Toujours selon « Elaph.com », Hosni a joué un rôle important dans l’affaire du détournement du paquebot « Achille Lauro » en 1985 par un commando palestinien dirigé par Abou Abbas. Le commando avait pris un avion pour se rendre en Égypte, après les négociations pour libérer le navire. Dans la version du ministre, « (…) l’avion a été intercepté et détourné par les américains. L’avion a été encerclé par les unités d’élite italiennes et américaines. Mais des agents égyptiens étaient à bord, ainsi que les membres du commando palestinien. Les services égyptiens ont manœuvré et j’ai reçu les passagers de l’avion à l’académie d’art égyptien à Rome, que je présidais avec statut de diplomate. On a réussi à faire monter les terroristes dans l’avion, et les italiens pensaient qu’ils étaient à l’académie. Le procureur italien, dépêché à l’Académie, voulait interroger les ressortissants non-égyptiens, à la recherche des terroristes palestiniens. Mais je lui ai dit qu’ils étaient tous égyptiens, en refusant de lui livrer les passeports. J’ai longtemps tergiversé avant de lui remettre les passeports, en attendant que l’avion au bord duquel les terroristes avaient été cachés, puisse quitter l’Italie. L’appareil a été autorisé à repartir, et les autorités pensaient que les terroristes étaient à l’académie. Quand l’avion était en sécurité, loin du territoire italien, j’ai remis les passeports au procureur. Il n’a pas trouvé les terroristes qui étaient déjà loin ».

Cette version des faits semble se confirmer. Le journal égyptien « Al-Dostor » évoque ces faits dans son édition du 4 septembre dernier. Son éditorial Waël Abdelfattah estimait alors que « la carrière de Hosni est en partie due à son militantisme au sein des Services », et lui attribue le rôle central dans l’étouffement des intellectuels égyptiens.

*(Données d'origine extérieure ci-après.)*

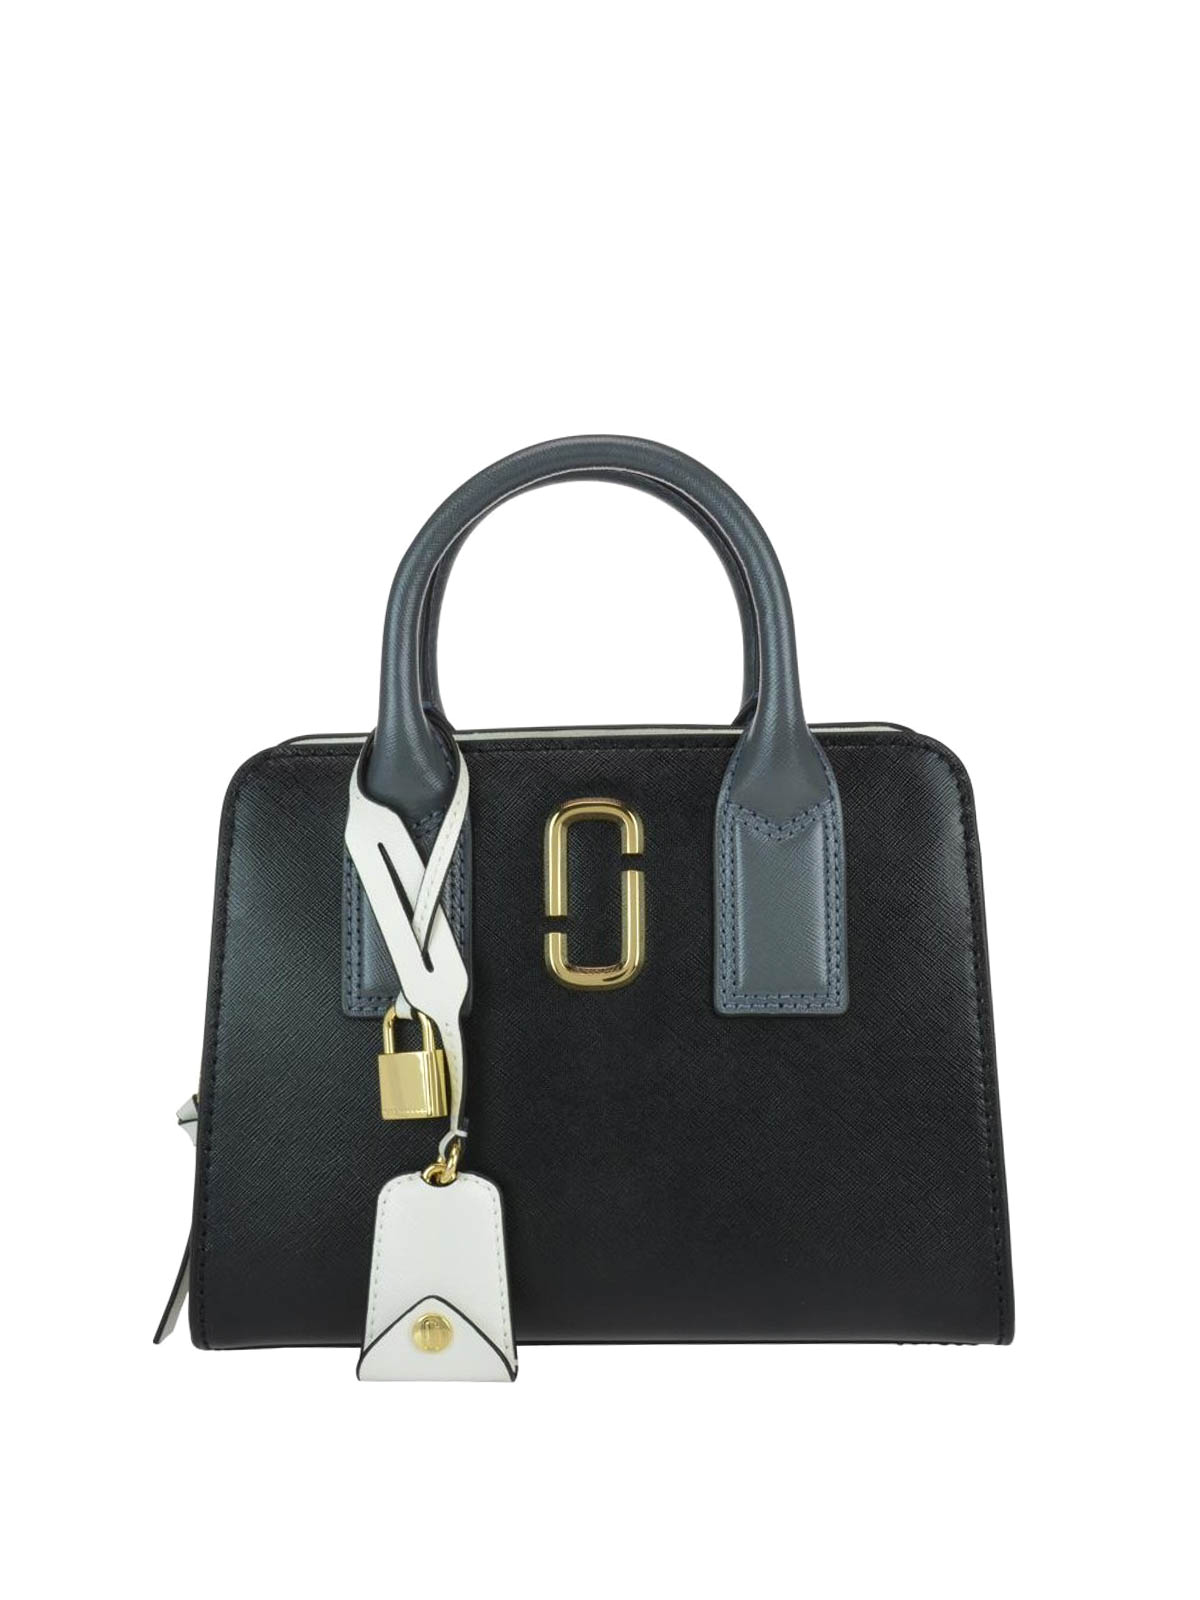 Totes bags Marc Jacobs - Little Big Shot black leather tote bag 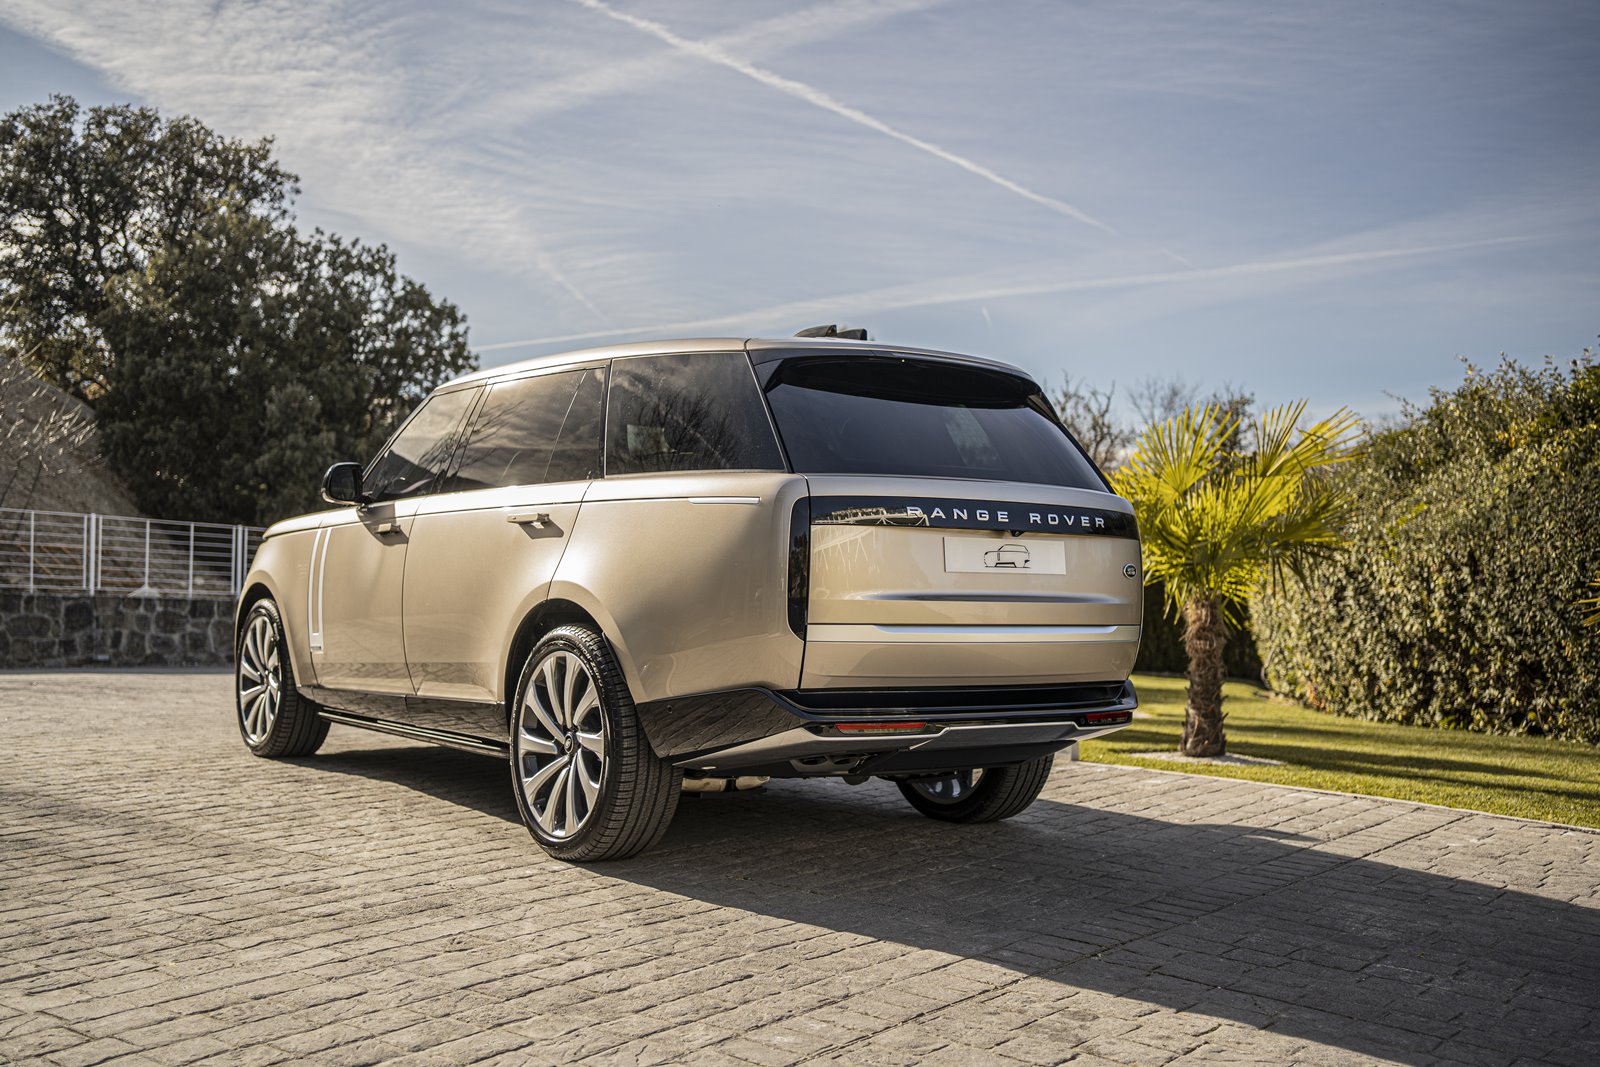 This is how the new Range Rover 2022 looks live. Do you like it?

Le plus étonnant est que le quotidien gouvernemental « Al Ahram » évoquait déjà, le 10 septembre 2007, le rôle de Hosni dans le dénouement du détournement de l’Achille Lauro en 1985. Mais à l’époque, la candidature de Hosni à la tête de l’UNESCO n’était pas encore à l’ordre du jour. Aujourd’hui, ces faits révélés et confirmés devraient mettre fin aux ambitions internationales du ministre à la direction de l’Organisation des Nations Unies pour la Culture et la Science.

Au Caire, on redoute une prise de conscience des pays membres de l’UNESCO qui doivent choisir son prochain directeur. Cette perspective fait trembler les responsables égyptiens, souligne « Elaph.com » ce matin. Mais elle conforte les intellectuels, artistes, cinéastes et journalistes égyptiens qui s’estiment victimes de Hosni depuis 22 ans. C’est lui qui a supervisé la censure au nom de « la protection de la société », disait-il dans une interview au journal saoudien « Al Jazirah » du 27 janvier 2004. Hosni voulait protéger la société face à la mondialisation culturelle, grâce à l’autocensure pratiquée par les maisons d’édition égyptiennes, et par le ministère de la Culture. Il a confirmé cette option dans une interview à la télévision « Al Arabiya » du 21 août 2008

La personnalité et le rôle de Farouk Hosni lui ont valu l’hostilité de la majorité des artistes et intellectuels égyptiens, qui multiplient les appels à la communauté internationale pour ne pas l’élire à la direction de l’UNESCO, par respect à cette institution. Pourtant, une partie non négligeable des Egyptiens souhaite paradoxalement son élection, non pas dans l’intérêt de l’UNESCO, mais pour se débarrasser du ministre, champion de la censure et ancien agent des Services. Plus que quelques heures avant le verdict.